Which blood gas analyses are most indicative of respiratory acidosis?
- A. pH = 7.22, PCO2 = 55 mmHg, HCO3 = 30 mEq/L.
- B. pH = 7.28, PCO2 = 45 mmHg, HCO3 = 15 mEq/L.
- C. pH = 7.34, PCO2 = 35 mmHg, HCO3 = 25 mEq/L.
- D. pH = 7.40, PCO2 = 25 mmHg, HCO3 = 30 mEq/L.
Correct Answer: A
Rationale: Respiratory acidosis is indicated by a low pH and elevated PCO2, as seen in option A.

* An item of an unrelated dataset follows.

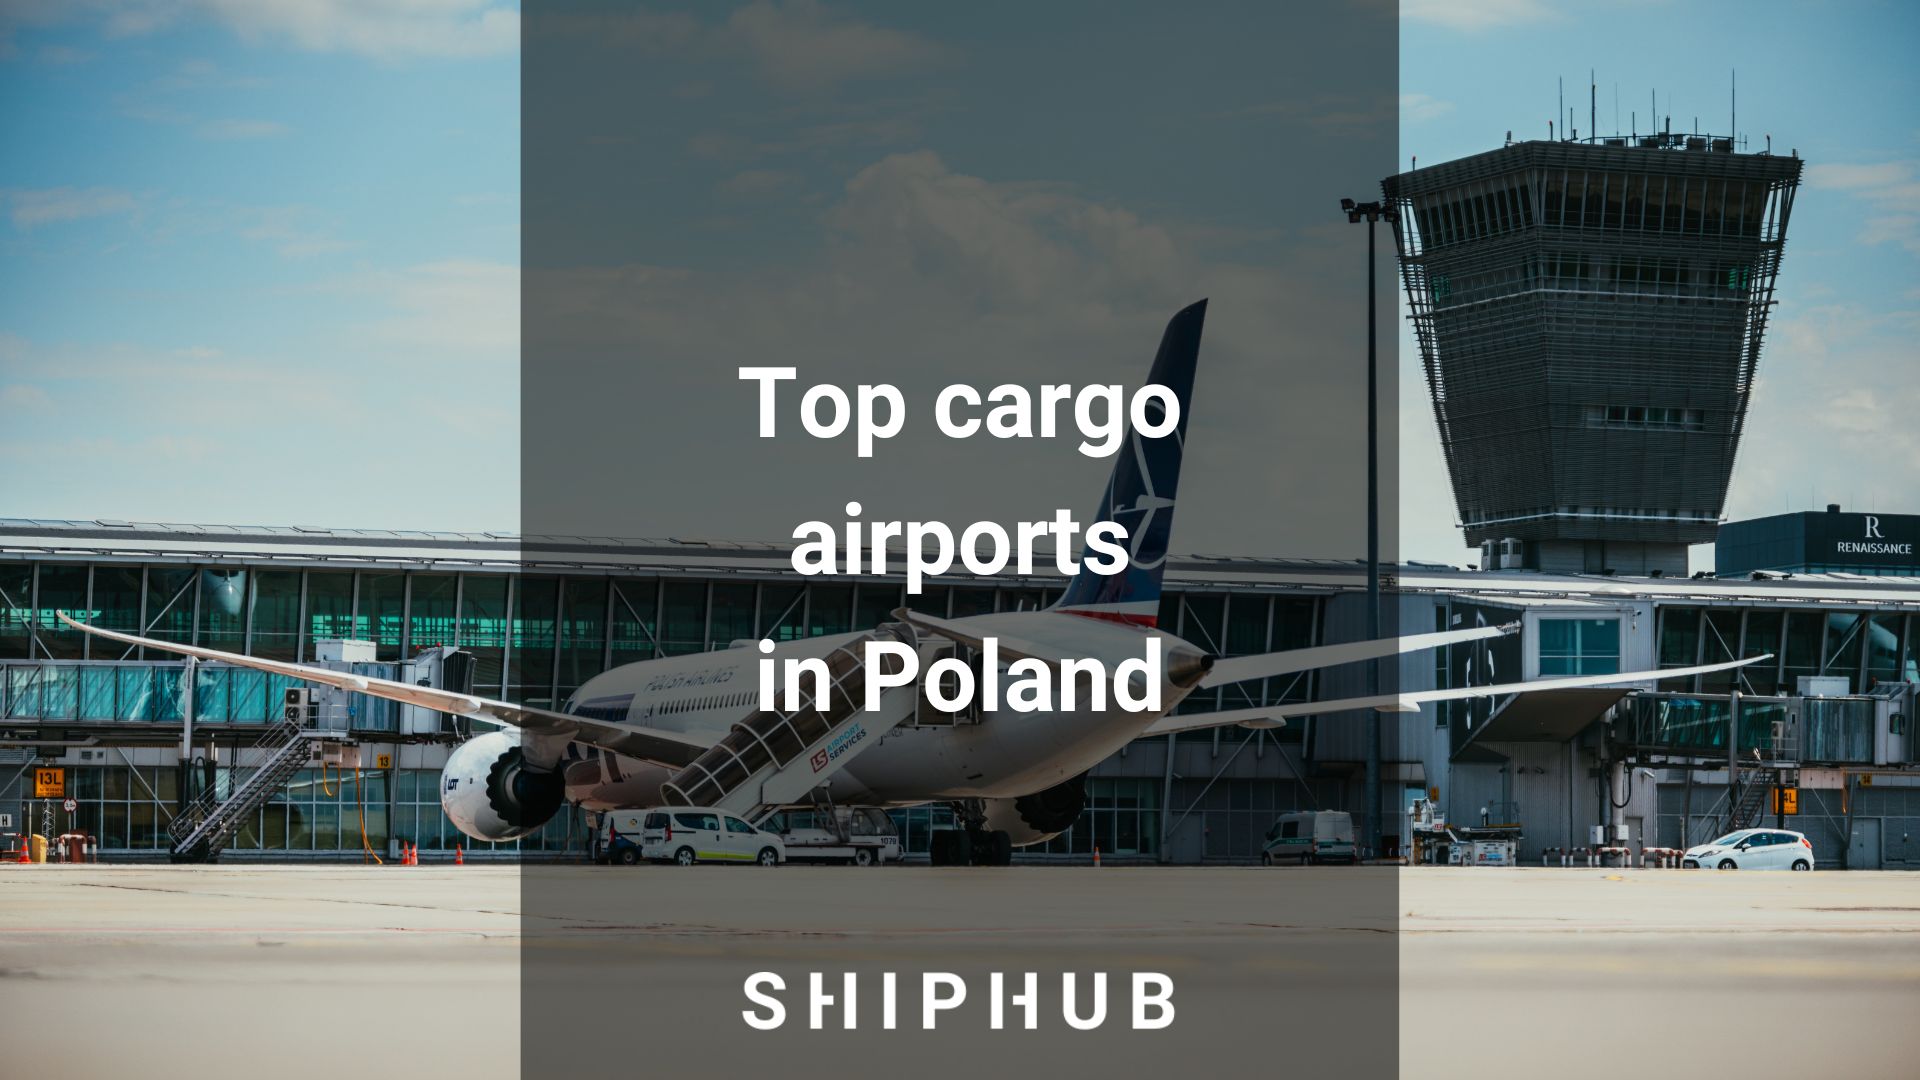 Top cargo airports in Poland

Phenylketonuria (PKU) is a genetic disease that results in the body's inability to correctly metabolize:
- A. glucose.
- B. phenylalanine.
- C. phenylketones.
- D. thyroxine.
Correct Answer: B
Rationale: Phenylketonuria (PKU) is a genetic disorder that affects the body's ability to metabolize the amino acid phenylalanine. Individuals with PKU lack an enzyme called phenylalanine hydroxylase, which results in the buildup of phenylalanine in the body. If untreated, high levels of phenylalanine can lead to intellectual disabilities, seizures, and other serious health problems. Therefore, individuals with PKU need to follow a special diet low in phenylalanine to prevent these complications.